EMPLOYEES AND REMUNERATION POLICY
Our Group had 42 full-time employees as of December 31, 2025 (as of December 31, 2024: 69). Our staff cost, which is included in cost of sales, and the expenses of other staff in aggregate amounted to US$3.4 million for the year ended December 31, 2025 (for the year ended December 31, 2024: US$3.6 million). Employees’ remuneration package includes salary, performance bonus and other welfare subsidies. The remuneration of employees is determined in accordance with our Group’s remuneration policy, the employees’ position, performance, company profitability, industry level and market environment. The remuneration committee of our Company is responsible for reviewing and making recommendations to the Directors on the structure concerning remuneration of the Directors and senior management, having regard to our Group’s operating results, individual performance of the Directors and senior management and comparable market practices.
OUTLOOK
In the face of complex, dynamic, and continually evolving challenges, resilience has become our solid foundation — enabling us to withstand headwinds, adapt to changing conditions, and navigate through cycles. We will maintain strategic focus, concentrating on our long-term objectives, and remain steadfast even amid short-term pressures. By remaining agile and responsive, we endeavour to transform challenges into opportunities, leveraging our accumulated strengths to drive sustainable growth.

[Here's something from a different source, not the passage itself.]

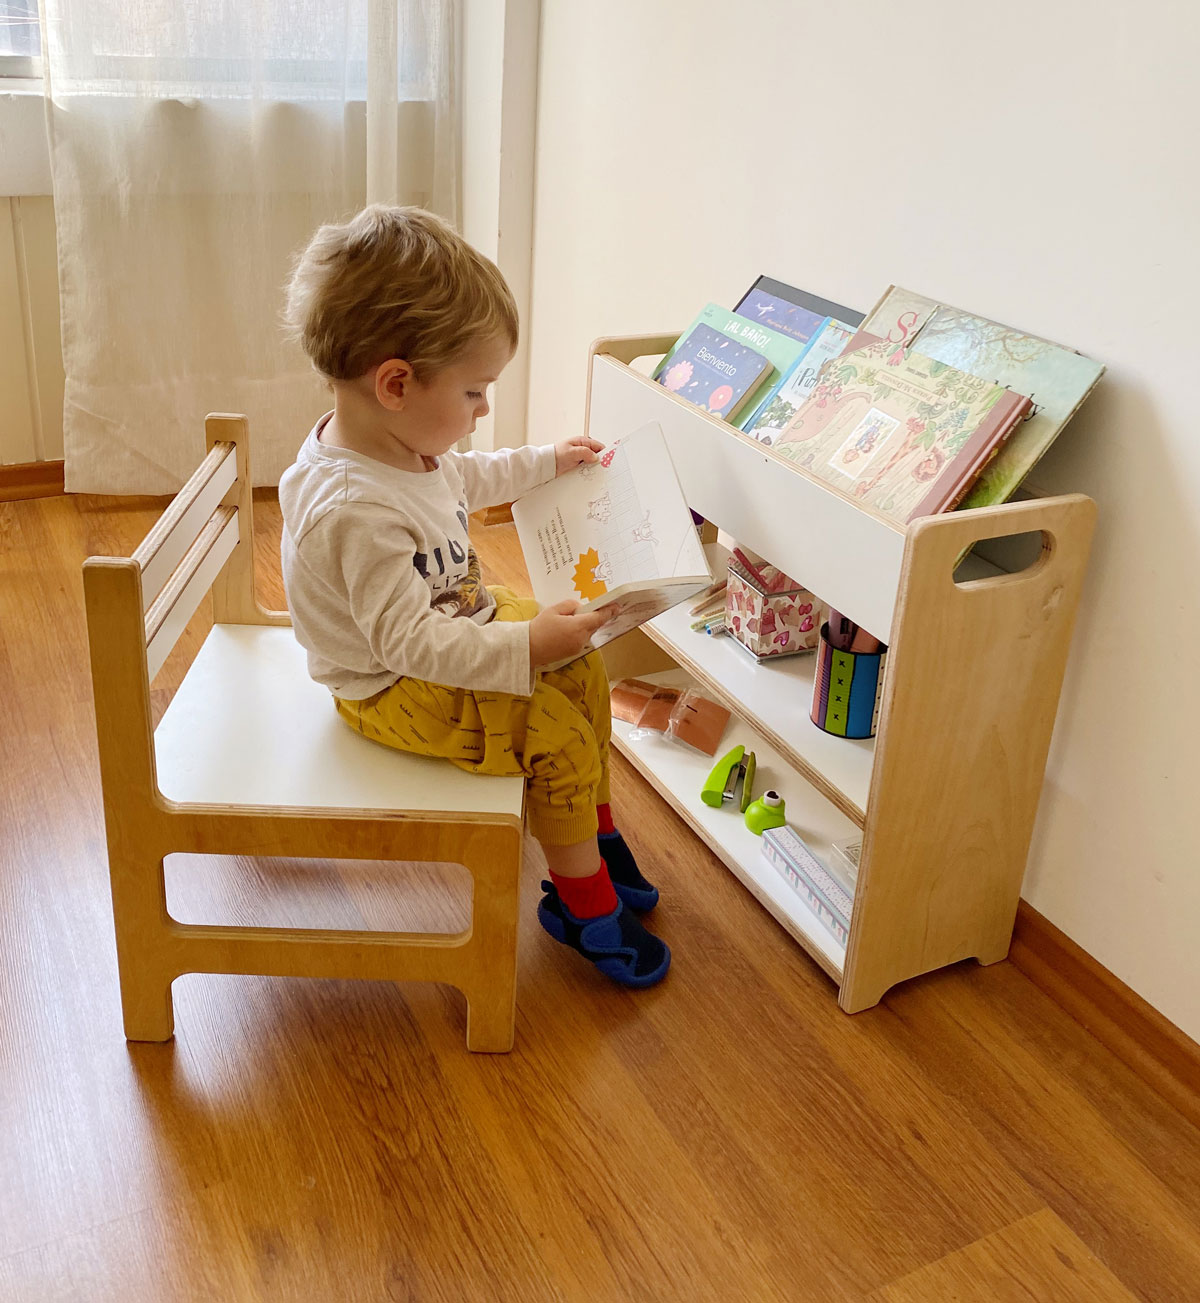 Mesa – IRQICHAY - Muebles inspirados en Pedagogía Montessori

Adhering to our commitment to continuous evolution and innovation, we will continue to enhance our Adorado and Powershopy platforms. With the AI technologies flourishing with tremendous opportunities, we plan to increase our investment in AI technologies that will enable us to extend our expertise and generate new services that assist our customers further. This commitment will firmly guide us forward, ensuring that we remain aligned with the rapidly changing market environment and keep pace with the times.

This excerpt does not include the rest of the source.